WHAT IS REQUIRED ->
The required answer is the run of lines from the one holding "canape gris places" to the end of the data below, copied exactly and free of pictures.

### MATERIAL PROVIDED ###

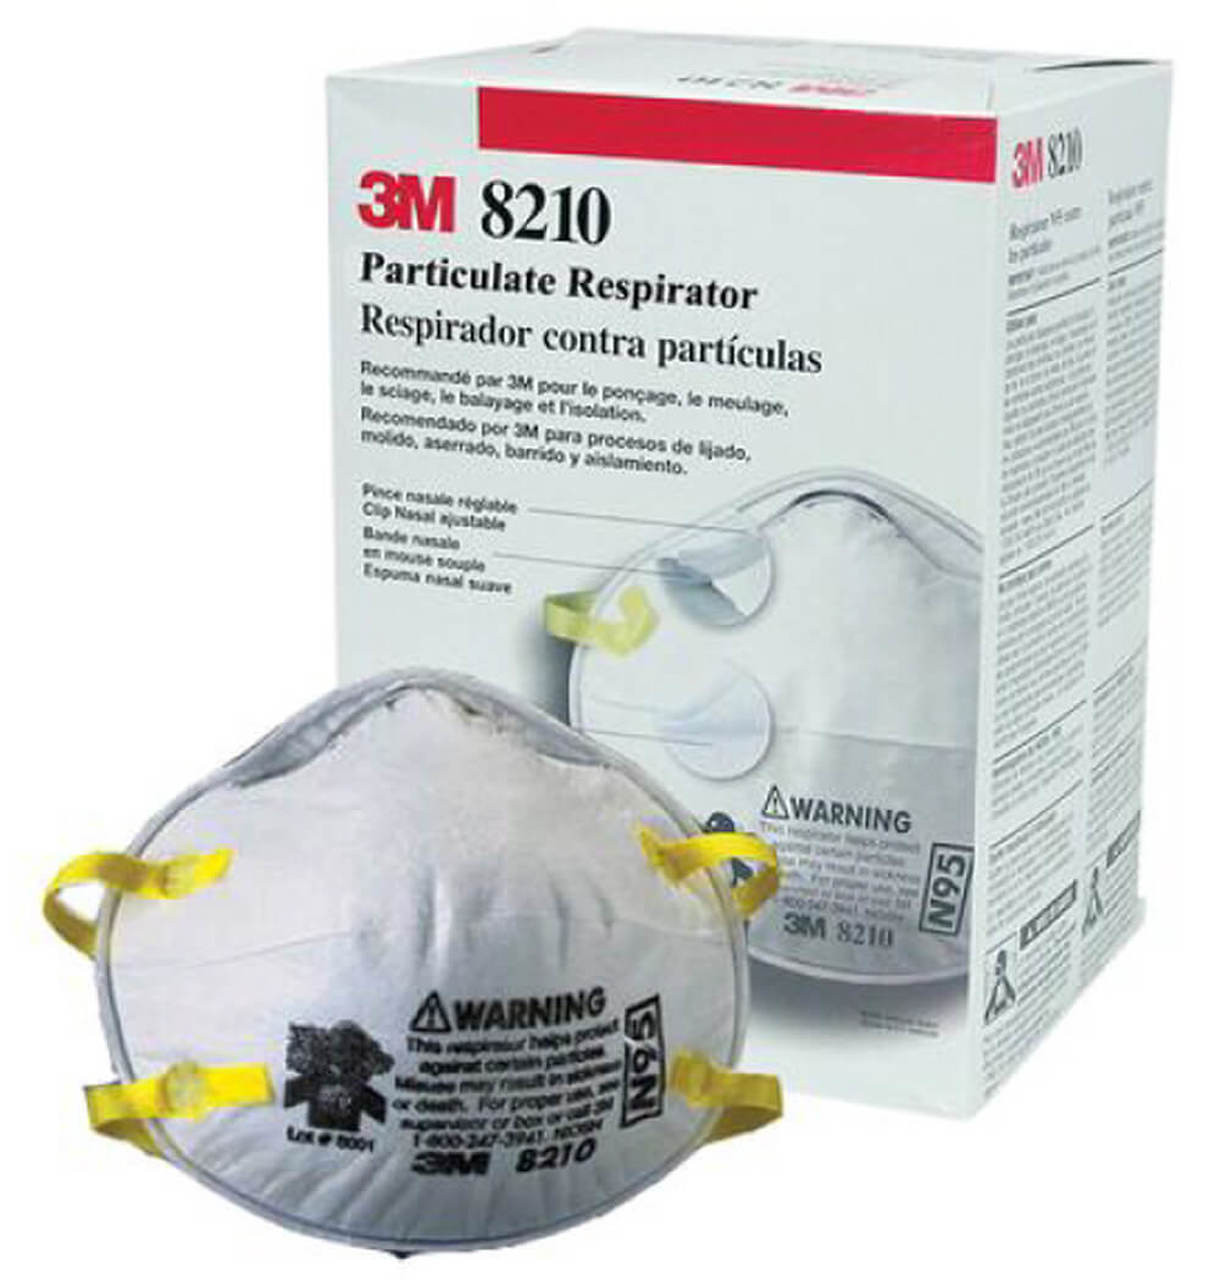 3M8210 N95 Particulate Respirators  - Box of 20
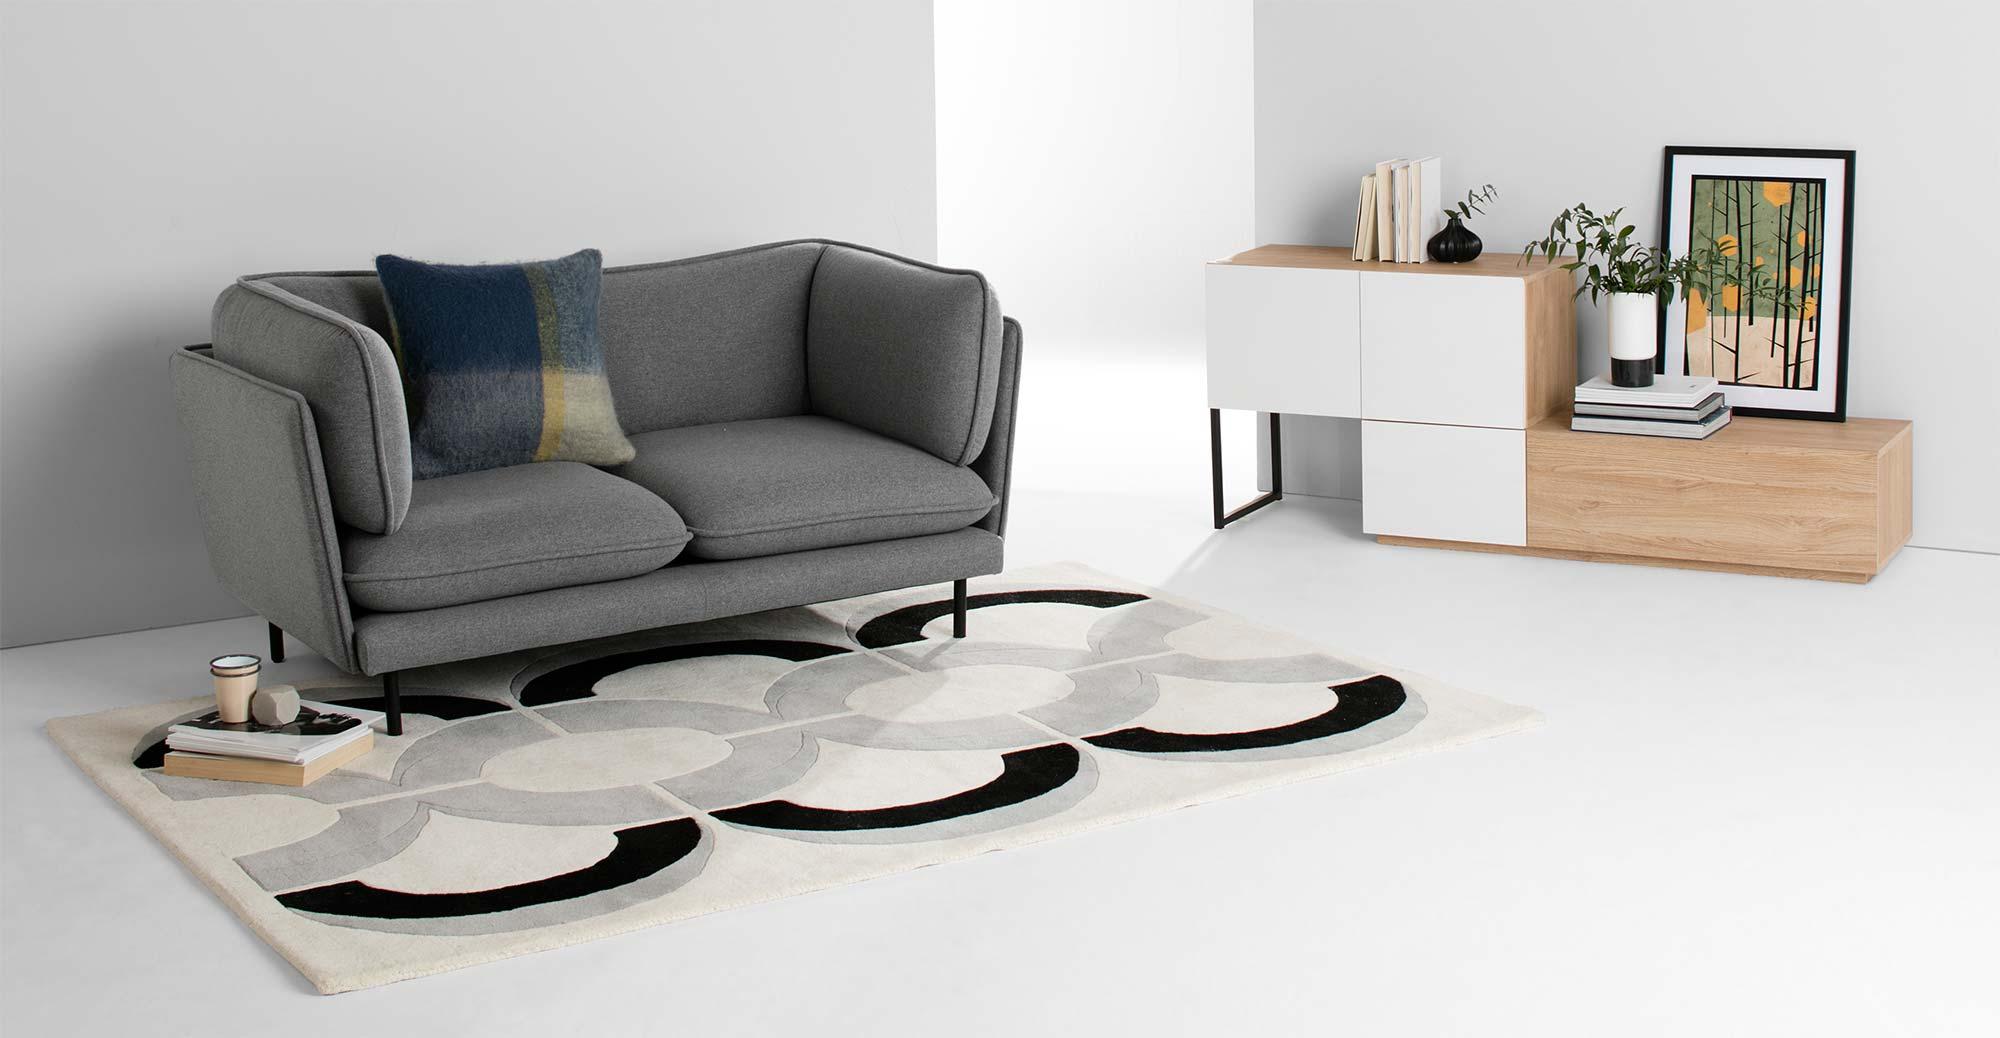 canape gris places made en soldes. Black Bedroom Furniture Sets. Home Design Ideas
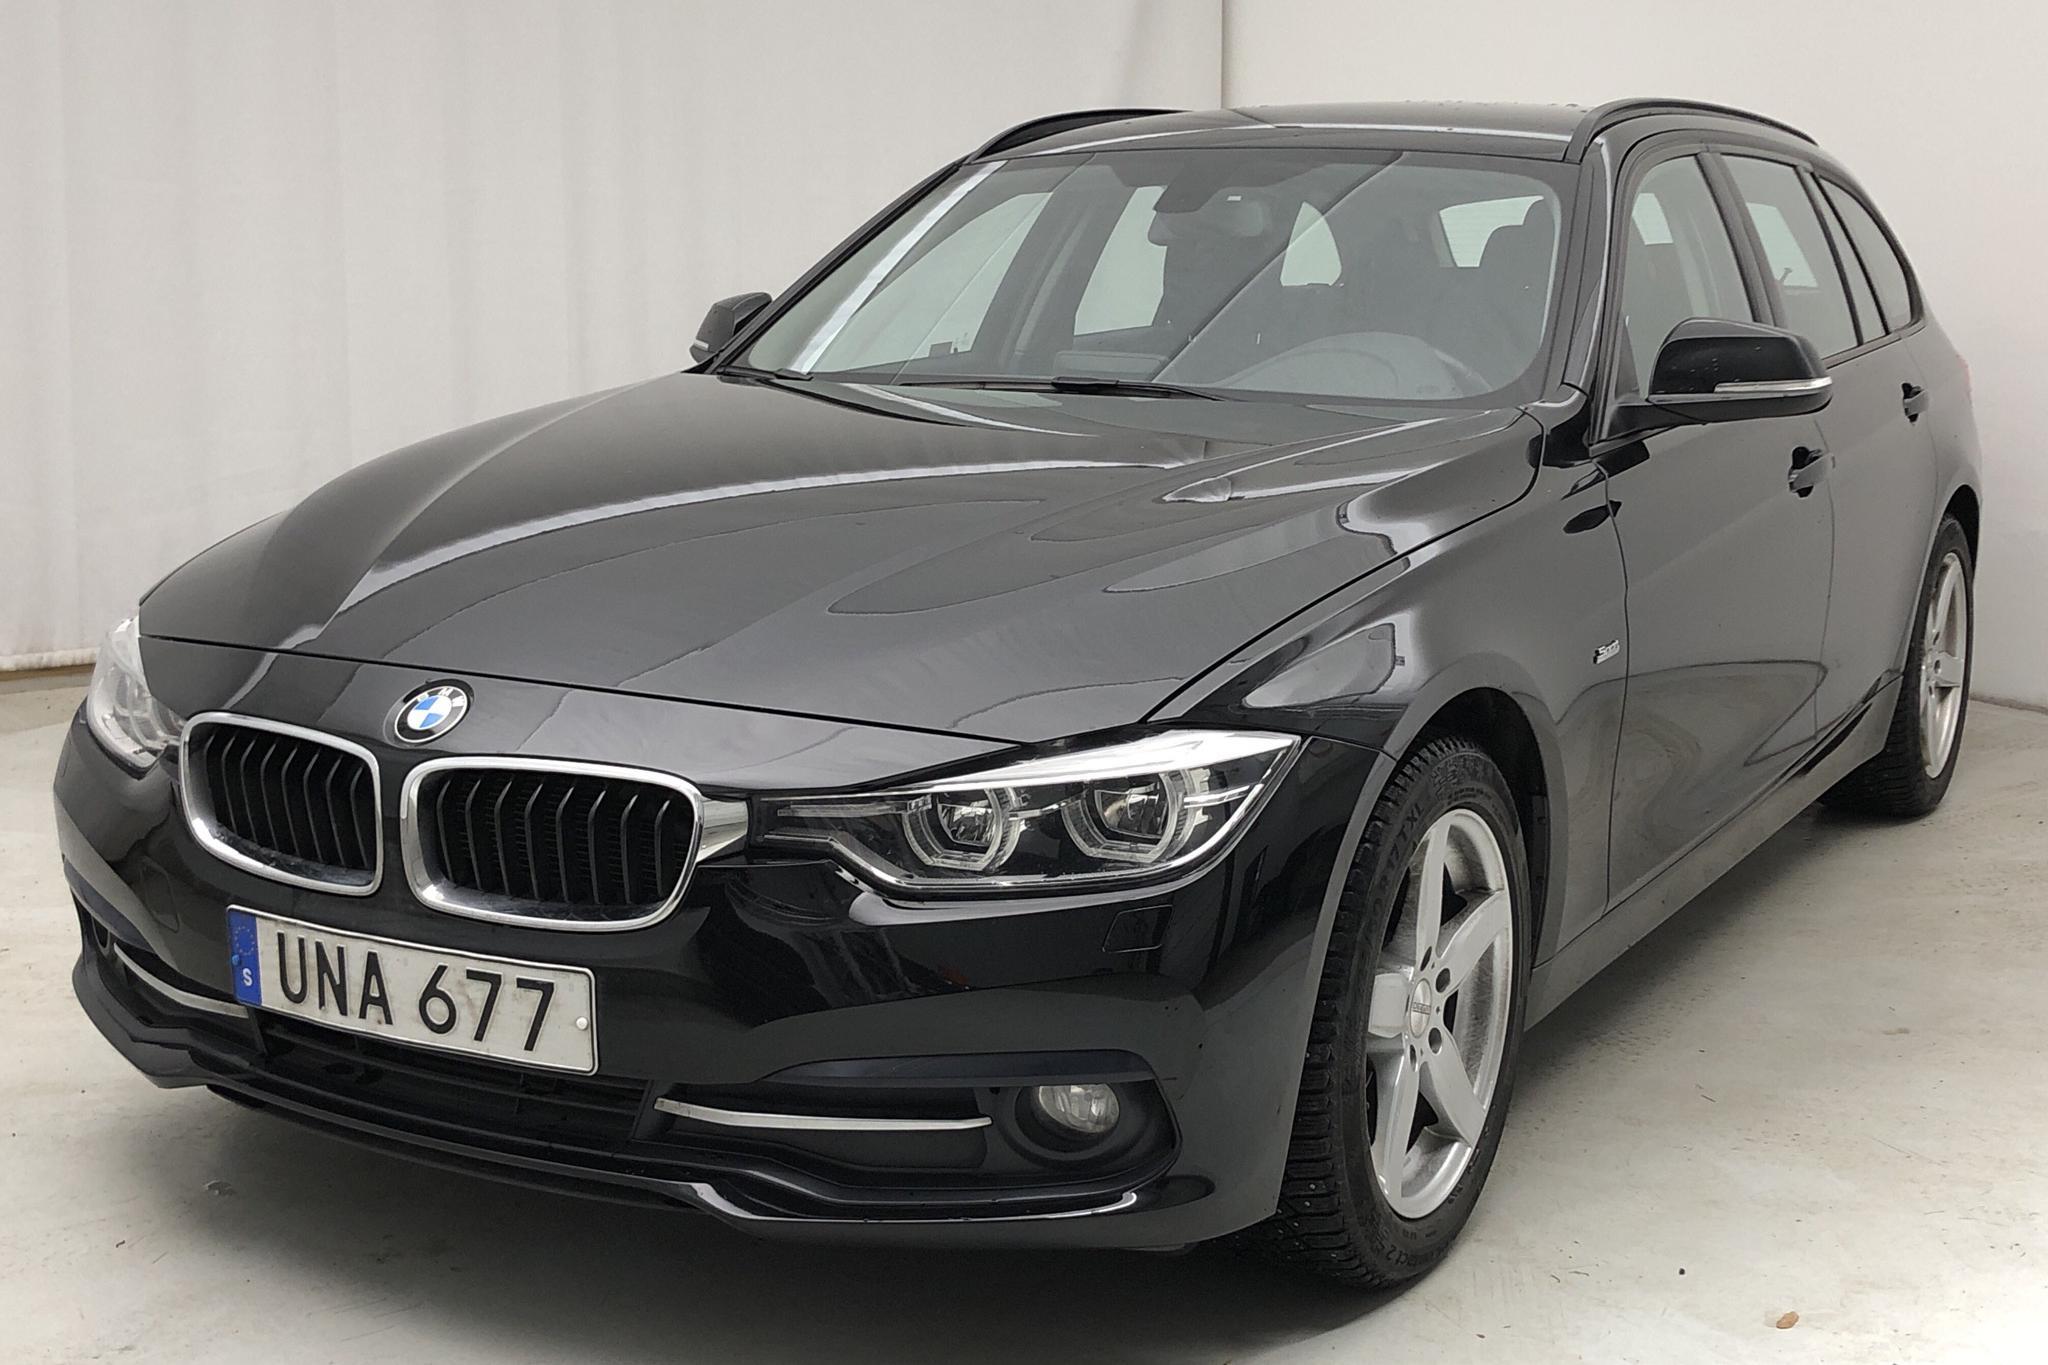 BMW 320d Touring, F31 (190hk) - 105 090 km - Manual - black - 2017

###

YOUR RESPONSE ->
 canape gris places made en soldes. Black Bedroom Furniture Sets. Home Design Ideas
 BMW 320d Touring, F31 (190hk) - 105 090 km - Manual - black - 2017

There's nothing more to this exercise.